An example separating hyperplane

If it is just a line, why do we call it an hyperplane ?

Even though we use a very simple example with data points laying in R^2 the support vector machine can work with any number of dimensions !

An hyperplane is a generalization of a plane.

  • in one dimension, an hyperplane is called a point
  • in two dimensions, it is a line
  • in three dimensions, it is a plane
  • in more dimensions you can call it an hyperplane
A separating hyperplane in one dimension

The point L is a separating hyperplane in one dimension

What is the optimal separating hyperplane?

The fact that you can find a separating hyperplane,  does not mean it is the best one !  In the example below there is several separating hyperplanes.

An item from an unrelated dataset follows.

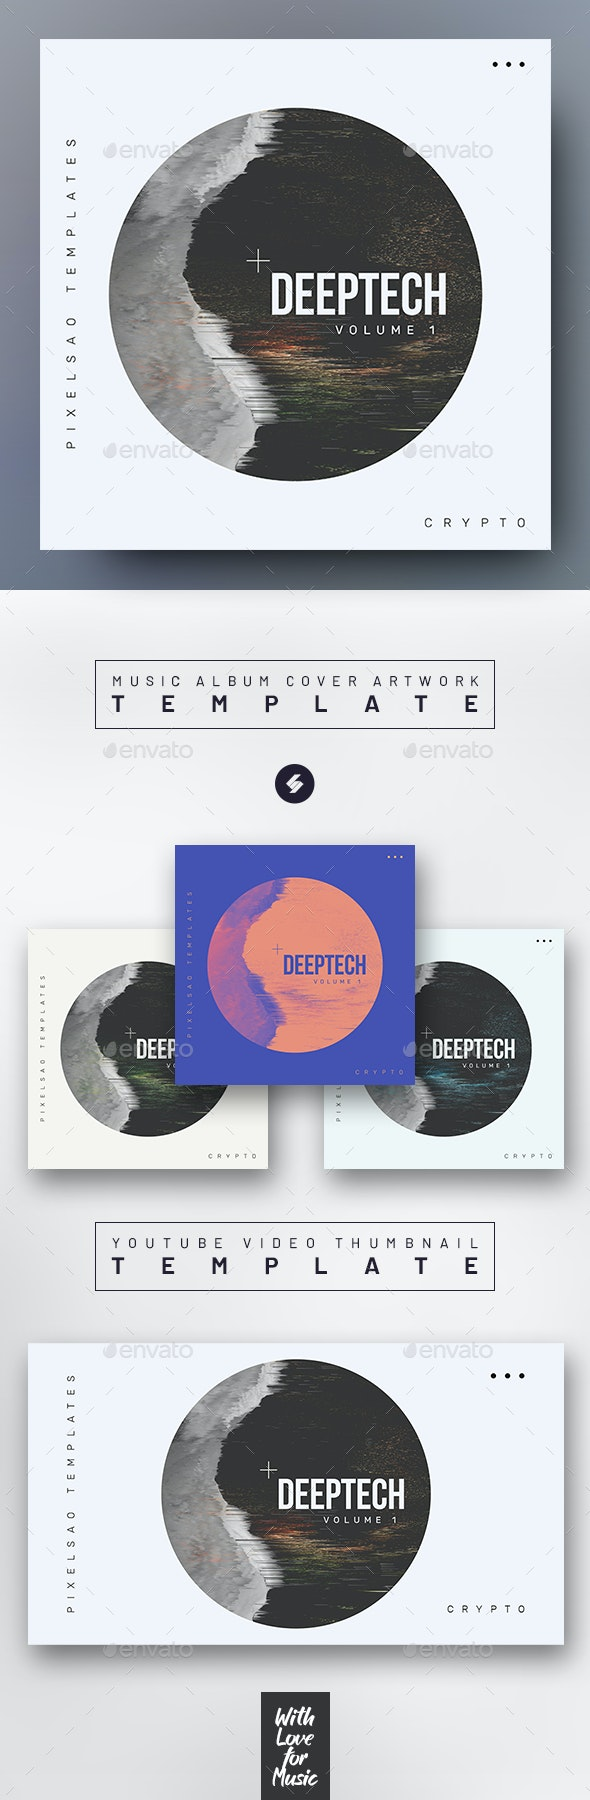 Deeptech – Music Album Cover Artwork Template - Miscellaneous Social Media
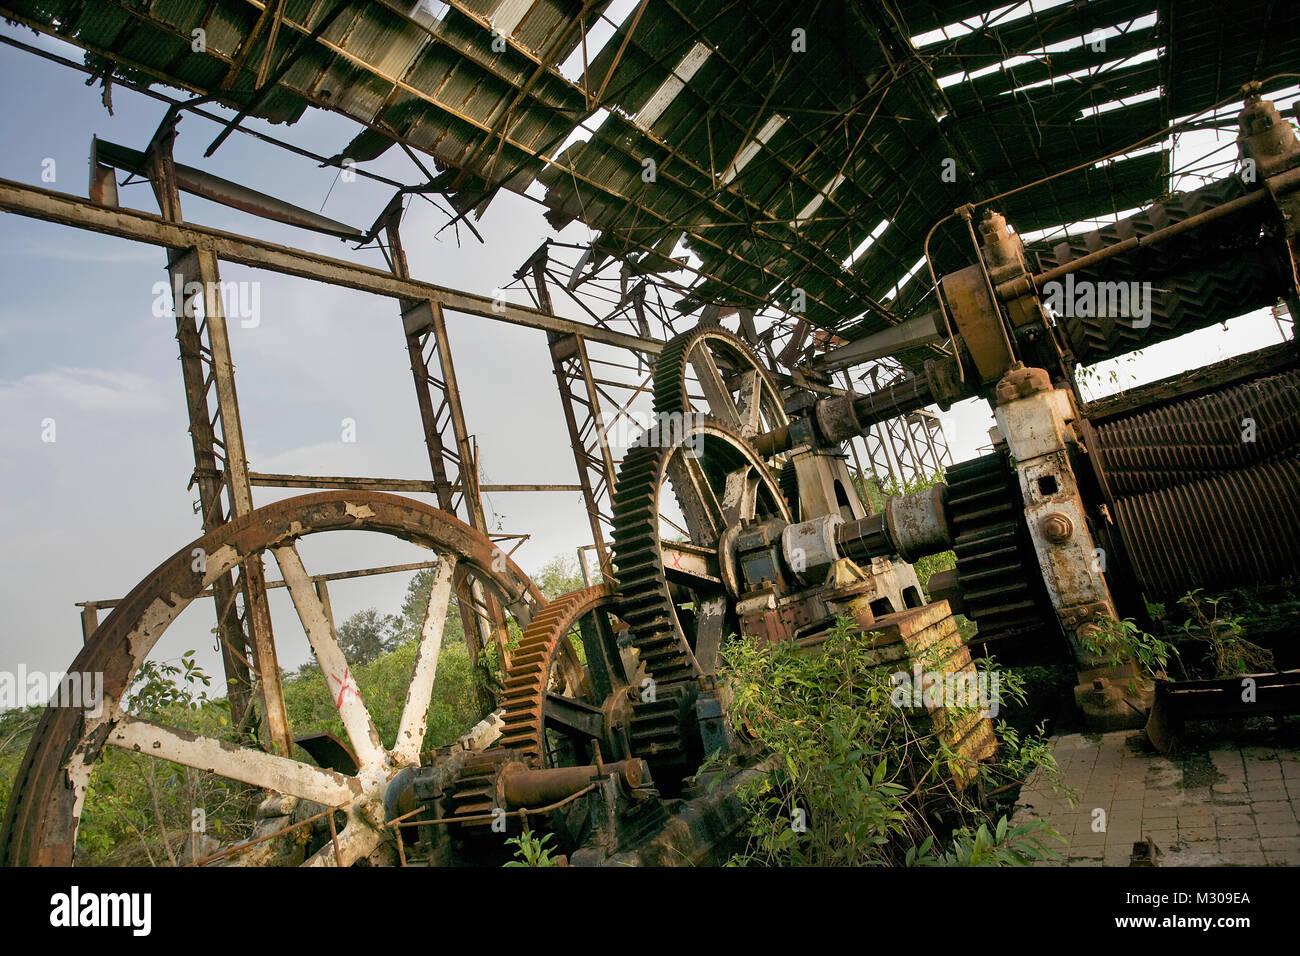 Suriname, Paramaribo. Deserted former sugarcane plantation factory called Marienburg. - Stock Image

Each of them is valid as it successfully separates our data set with men on one side and women on the other side.

There is several possible separating hyperplanes

There can be a lot of separating hyperplanes

Suppose we select the green hyperplane and use it to classify on real life data.

svm-hyperplane-bad

This hyperplane does not generalize well

This time, it makes some mistakes as it wrongly classify three women. Intuitively, we can see that if we select an hyperplane which is close to the data points of one class, then it might not generalize well.

So we will try to select an hyperplane as far as possible from data points from each category:

The optimal hyperplane

This one looks better. When we use it with real life data, we can see it still make perfect classification.

svm-hyperplane-good

The black hyperplane classifies more accurately than the green one

That's why the objective of a SVM is to find the optimal separating hyperplane:

  • because it correctly classifies the training data
  • and because it is the one which will generalize better with unseen data

What is the margin and how does it help choosing the optimal hyperplane?

07_withMidpointsAndSeparator

The margin of our optimal hyperplane

Given a particular hyperplane, we can compute the distance between the hyperplane and the closest data point. Once we have this value, if we double it we will get what is called the margin.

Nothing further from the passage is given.